Aprenda a rir e de si mesmo

by - fevereiro 03, 2015

Imagem:Zoomwalls

Se tem uma coisa que eu aprendi no decorrer desses meus 25 anos - ohhhh, quantos anos - é que ninguém tem o direito de abrir um sorriso às suas custas, a não ser que você esteja contando uma piada. Faça com que as pessoas parem de rir de você e comecem a rir com você.

Você deve estar pensando que isso está muito além do seu poder, que ninguém é capaz de controlar o deboche alheio. Mas sim, isso é possível e eu exemplificarei. Há um tempo atrás, uma pessoa incomodada com o fato de eu estar com o cabelo preso em um rabo de cavalo casual, veio até mim com todas as gargalhadas que tinha guardado a vida toda e cuspiu: "Mari, tua orelha aumentou de tamanho, tá enorme". Eu, ao invés de dar aquele sorrisinho amarelo, correr pro banheiro e soltar meus cabelos para esconder toda minha "vergonha", joguei de volta todas as gargalhadas que EU tinha guardado a vida toda, e respondi: "Eu nunca disse que eram pequenas".

Não pensei que meu comentário fosse fazê-la parar de rir, naquele momento eu só estava "avisando" que ela não iria rir de mim, mas comigo. Eu jamais seria o motivo do seu deboche, no mínimo a companheira. Mas acreditem, as risadas pararam no mesmo instante. Sou super intrigada com o comportamento humano - estou no curso errado, deveria cursar antropologia, psicologia, sociologia - e por muito tempo fiquei pensando no motivo pelo qual aquela bendita resposta tinha calado as gargalhadas daquele ser humano.

Bom, cheguei à conclusão - ou às considerações finais, já que ninguém conclui nada - de que a única coisa que eu fiz foi ~quebrar as pernas~ daquela pessoa. Todo o intuito dela era me humilhar, rir de mim, fazer com que eu não fosse digna de usar um penteado qualquer por causa do tamanho das minhas orelhas. E eu "provei" pra ela que a sua opinião pouco me importava, e que eu continuaria com o rabo de cavalo, mesmo se tivesse as orelhas do Dumbo. 

Eu sei que existe o bulliyng, e que as pessoas que sofrem esse tipo de assédio são massacradas e aterrorizadas emocionalmente. Mas este texto não trata de algo tão denso quanto o terrorismo praticado por gente estúpida. Estou falando sobre aquela picuinha do dia a dia, daquele direito que as pessoas (gente estúpida também, né) acham que tem de colocar defeitos em você. Elas, provavelmente, nunca se olham no espelho, nunca notam uma imperfeição, por isso acham que o resto do mundo é inferior.
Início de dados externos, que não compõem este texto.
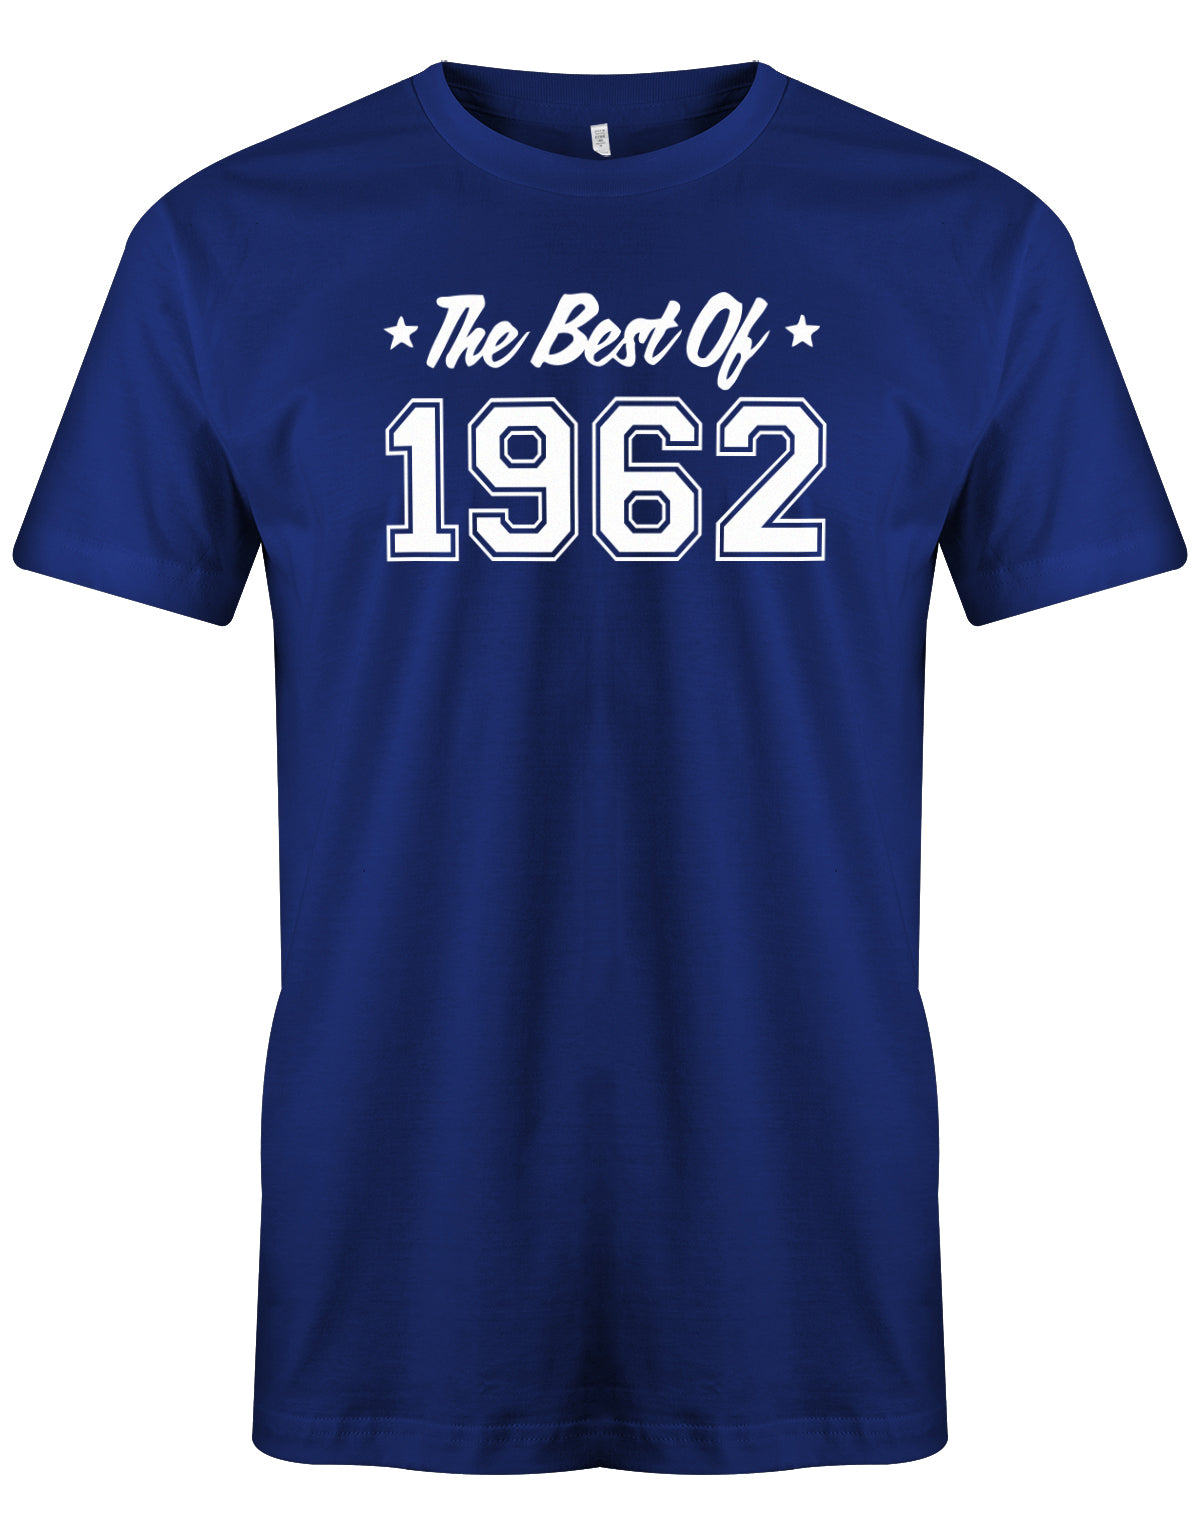 The best of 1962 Geburtstag - Jahrgang 1962 Geschenk Männer Shirt

Mas ai é que tá: essas pessoas sempre vão achar o resto do mundo inferior, enquanto o resto do mundo continuar se comportando de maneira inferior. Não quis soltar os meus cabelos e me esconder no quarto escuro da vergonha. Não quis dar ouvidos a alguém que não faz a mínima diferença na minha vida. Não acho minhas orelhas tão grandes assim e, mesmo que achasse, quem deve ditar as regras do meu corpo sou eu mesma. Ninguém precisa dizer o que acha certo ou errado, bonito ou feio nos meus atributos físicos e comportamentais. Eu sei de cada um dos meus detalhes e, por mais que queira mudar algo aqui ou ali, dou risada deles. 
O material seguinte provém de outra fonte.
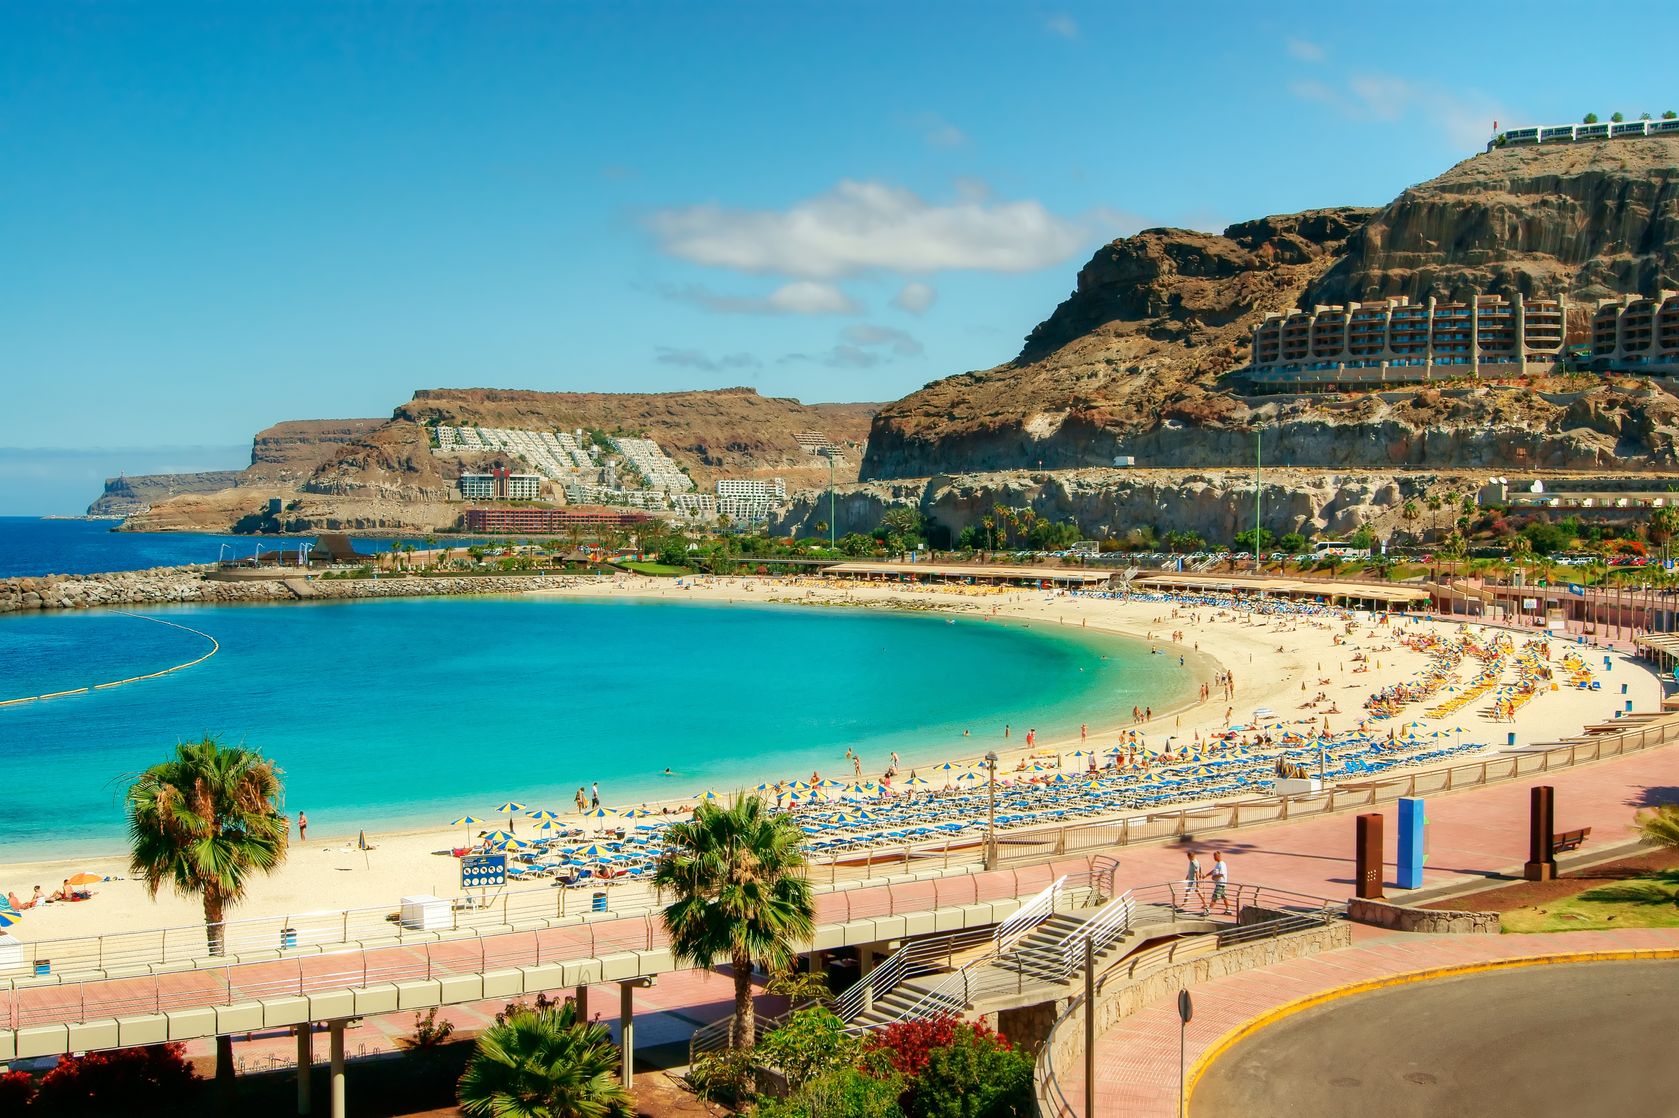 Az IBUSZ szervezésében Gran Canaria vidékén a nyaralni vágyók a kristálytiszta strandok mellett számos élményt gyűjthetnek az óváros ódon utcáit felfedezve.

Eu tenho espelho em casa, mas diferente de muitos, não vejo a perfeição refletida nele. Enxergo alguém humano, mutável, cheio de virtudes e repleto de defeitos. Reclamo da minha magreza, dos peitos pequenos, do nariz gigante. Mas nada disso me faz uma pessoa menos digna de usar um piercing no nariz ou um decote, por exemplo. Uso e faço o que eu quiser. E se alguém, por acaso, vier com o seu saco de risadas, não encontrará em mim um palhaço, mas alguém que está sentado ao lado, rindo também, apreciando o espetáculo que é a estupidez humana.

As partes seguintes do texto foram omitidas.